This paper presents a three-dimensional finite-deformation cohesive element and a class of irreversible cohesive laws for simulating dynamic crack propagation. The cohesive element governs the separation of crack flanks according to an irreversible cohesive law, eventually leading to the formation of free surfaces, and is compatible with conventional finite element discretization of the bulk material. The method is demonstrated through the simulation of a drop-weight dynamic fracture test, showing its predictive ability. The ability of the method to approximate the experimentally observed crack-tip trajectory is particularly noteworthy.
The paper develops a finite-deformation irreversible cohesive law, which accounts for the irreversibility of decohesion processes. The cohesive law is derived from thermodynamic principles and is expressed in terms of a free energy function. The cohesive law is then implemented in a finite element framework, where the cohesive surface is represented by two surface elements that coincide in the reference configuration. The cohesive elements are compatible with general bulk finite element discretizations and can be used to bridge pairs of tetrahedral elements.
The cohesive law is implemented as a mixed boundary condition, relating tractions to displacements at boundaries or interfaces. The cohesive elements are surface-like and are compatible with general bulk finite element discretizations of the solid, including those which account for plasticity and large deformations. The cohesive elements bridge nascent surfaces and govern their separation in accordance with a cohesive law.
The simulation of the drop-weight dynamic fracture test demonstrates the method's ability to track dynamically growing three-dimensional cracks in a solid undergoing finite deformations. The calculations show that the method can accurately simulate the crack growth process, including the emergence of the crack through the upper surface of the specimen. The crack front develops a small curvature as it propagates and lags behind somewhat near the free surface due to enhanced plastic activity in that region. The numerical simulation captures some of the salient features of the experimental record, such as the initial acceleration of the crack tip, the subsequent oscillations about a plateau, and the final drop in velocity as the crack joins up with the top surface of the specimen.

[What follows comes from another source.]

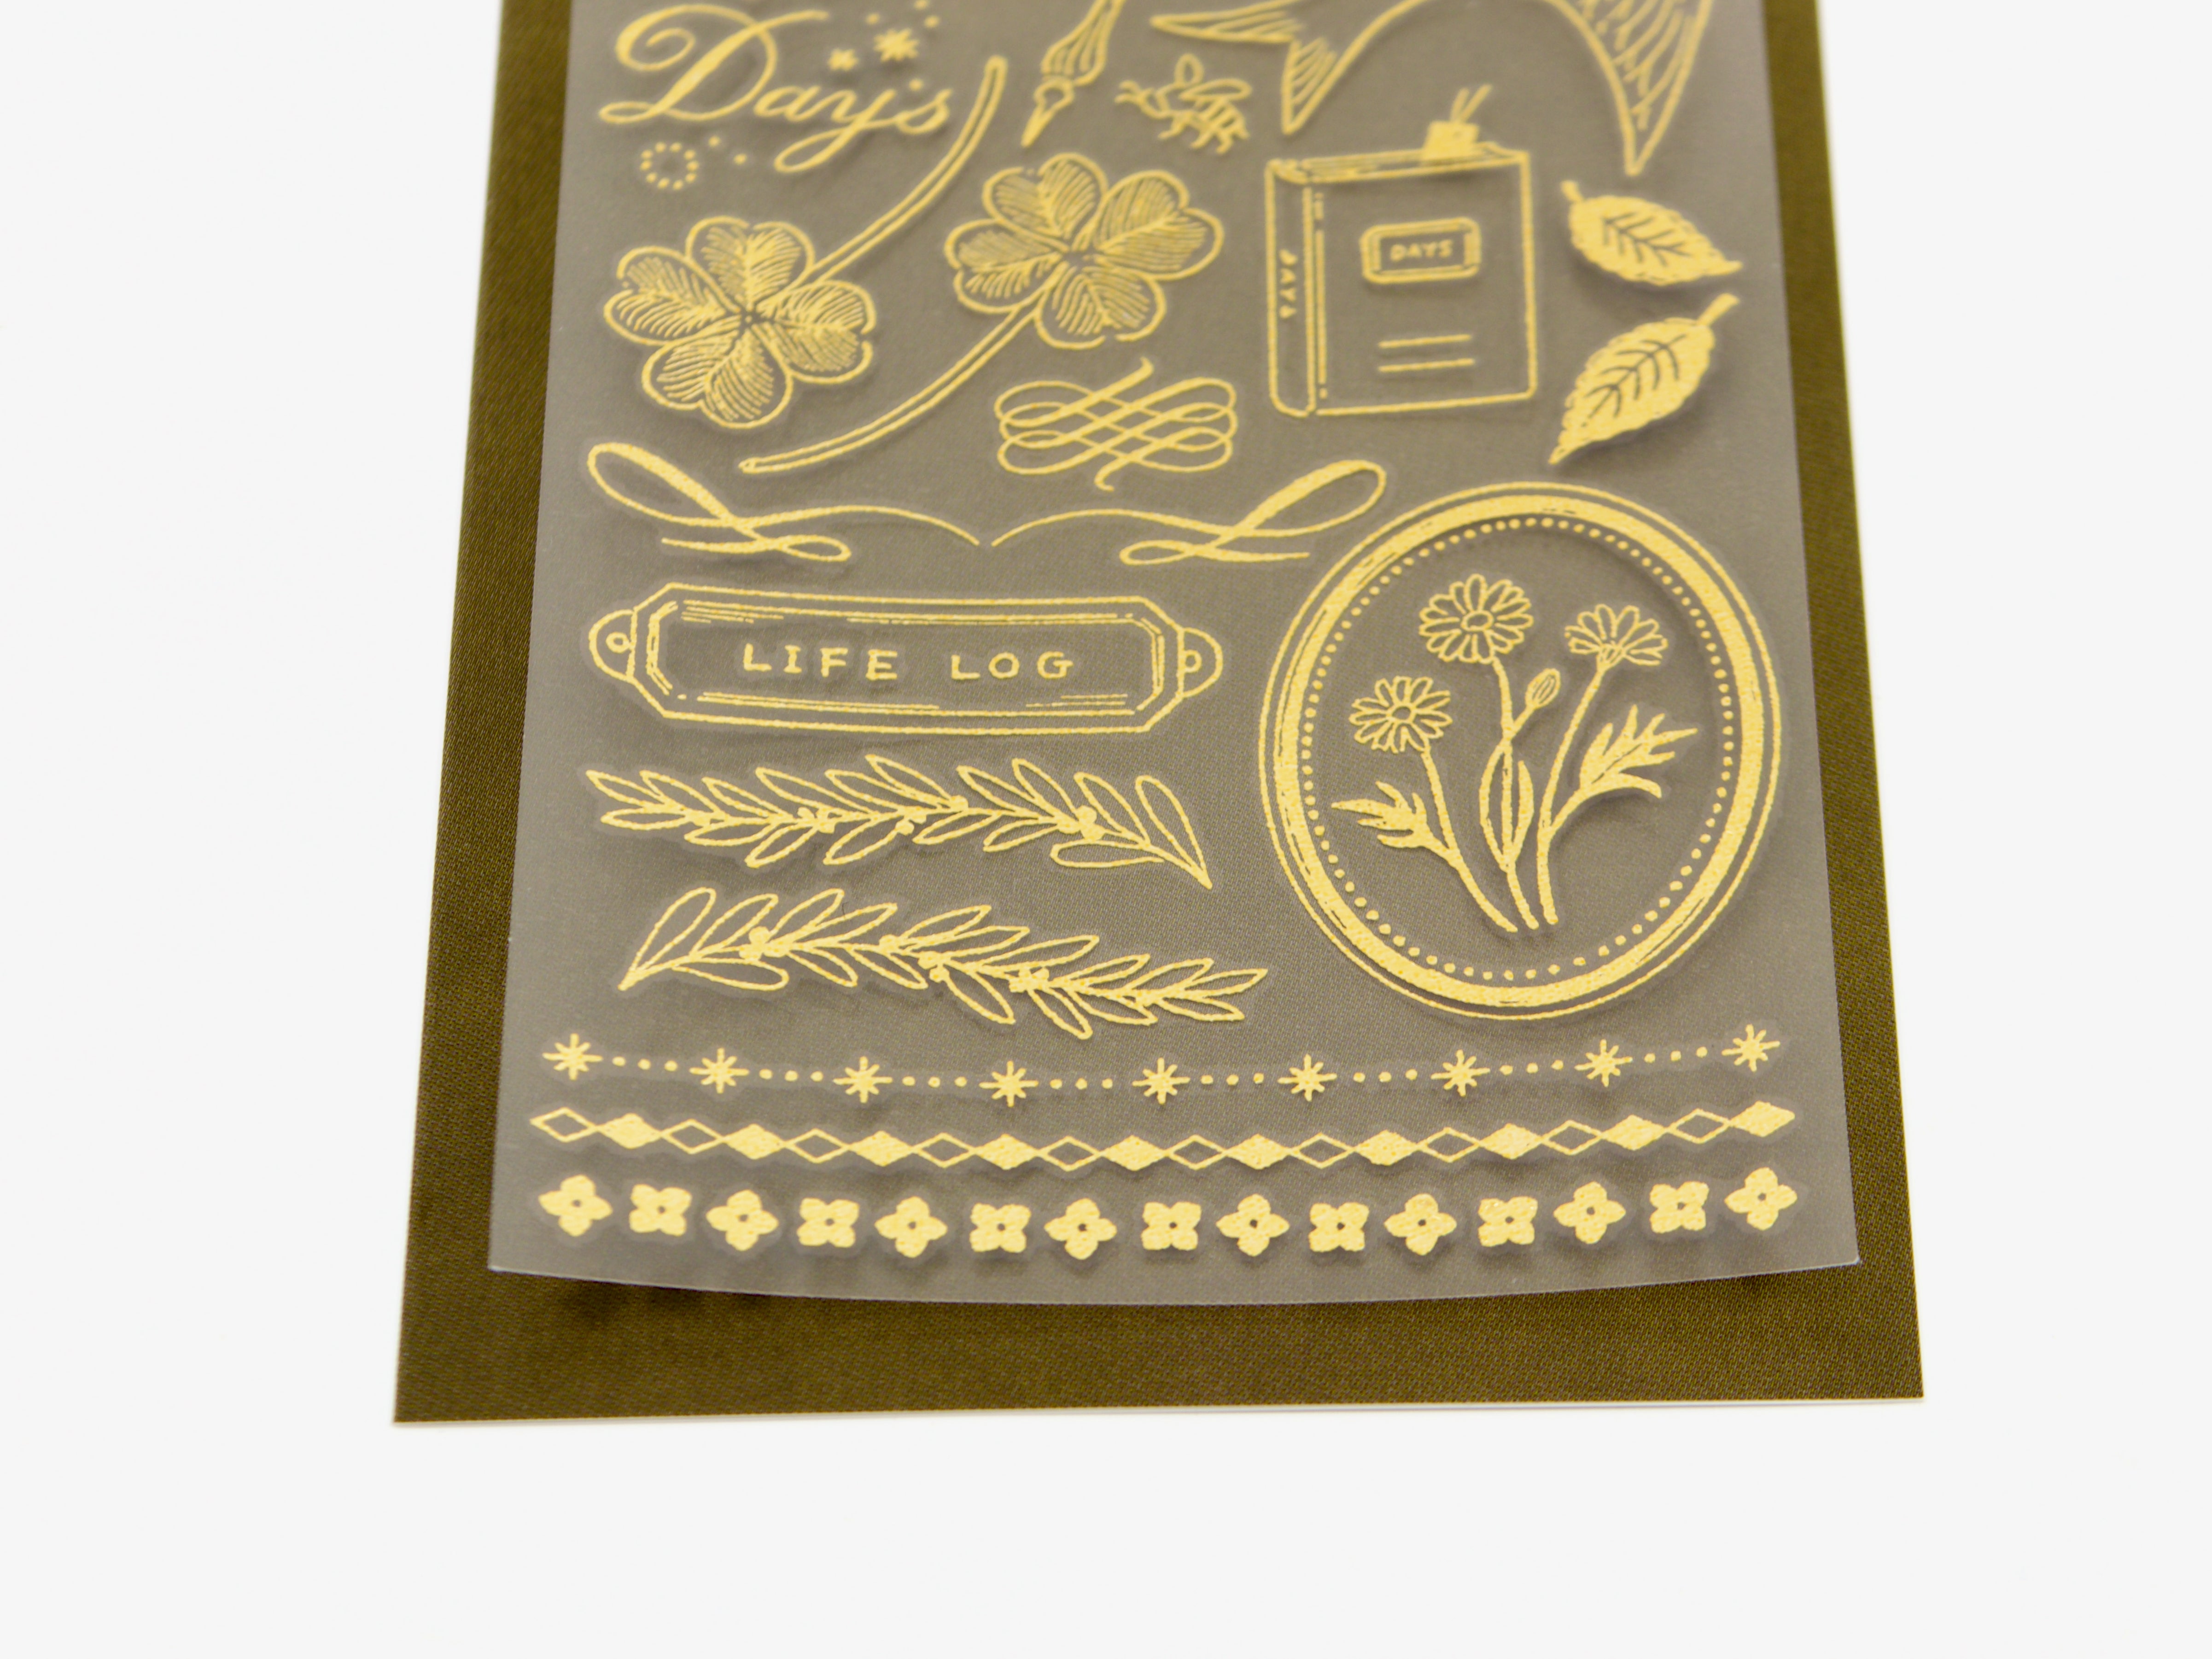 Midori Gold Foil Transfer Stickers

The method is shown to be effective in simulating dynamic crack propagation in three-dimensional solids. The cohesive elements are endowed with full finite kinematics and are capable of accurately tracking the evolution of cracks under large deformations. The method is particularly useful for simulating brittle fracture in materials such as C-300 steel. The results demonstrate the versatility and predictive ability of the method in simulating dynamic crack propagation in three-dimensional solids.This paper presents a three-dimensional finite-deformation cohesive element and a class of irreversible cohesive laws for simulating dynamic crack propagation. The cohesive element governs the separation of crack flanks according to an irreversible cohesive law, eventually leading to the formation of free surfaces, and is compatible with conventional finite element discretization of the bulk material. The method is demonstrated through the simulation of a drop-weight dynamic fracture test, showing its predictive ability. The ability of the method to approximate the experimentally observed crack-tip trajectory is particularly noteworthy.
The paper develops a finite-deformation irreversible cohesive law, which accounts for the irreversibility of decohesion processes. The cohesive law is derived from thermodynamic principles and is expressed in terms of a free energy function. The cohesive law is then implemented in a finite element framework, where the cohesive surface is represented by two surface elements that coincide in the reference configuration. The cohesive elements are compatible with general bulk finite element discretizations and can be used to bridge pairs of tetrahedral elements.
The cohesive law is implemented as a mixed boundary condition, relating tractions to displacements at boundaries or interfaces. The cohesive elements are surface-like and are compatible with general bulk finite element discretizations of the solid, including those which account for plasticity and large deformations. The cohesive elements bridge nascent surfaces and govern their separation in accordance with a cohesive law.
The simulation of the drop-weight dynamic fracture test demonstrates the method's ability to track dynamically growing three-dimensional cracks in a solid undergoing finite deformations. The calculations show that the method can accurately simulate the crack growth process, including the emergence of the crack through the upper surface of the specimen. The crack front develops a small curvature as it propagates and lags behind somewhat near the free surface due to enhanced plastic activity in that region. The numerical simulation captures some of the salient features of the experimental record, such as the initial acceleration of the crack tip, the subsequent oscillations about a plateau, and the final drop in velocity as the crack joins up with the top surface of the specimen.
The method is shown to be effective in simulating dynamic crack propagation in three-dimensional solids. The cohesive elements are endowed with full finite kinematics and are capable of accurately tracking the evolution of cracks under large deformations. The method is particularly useful for simulating brittle fracture in materials such as C-300 steel. The results demonstrate the versatility and predictive ability of the method in simulating dynamic crack propagation in three-dimensional solids.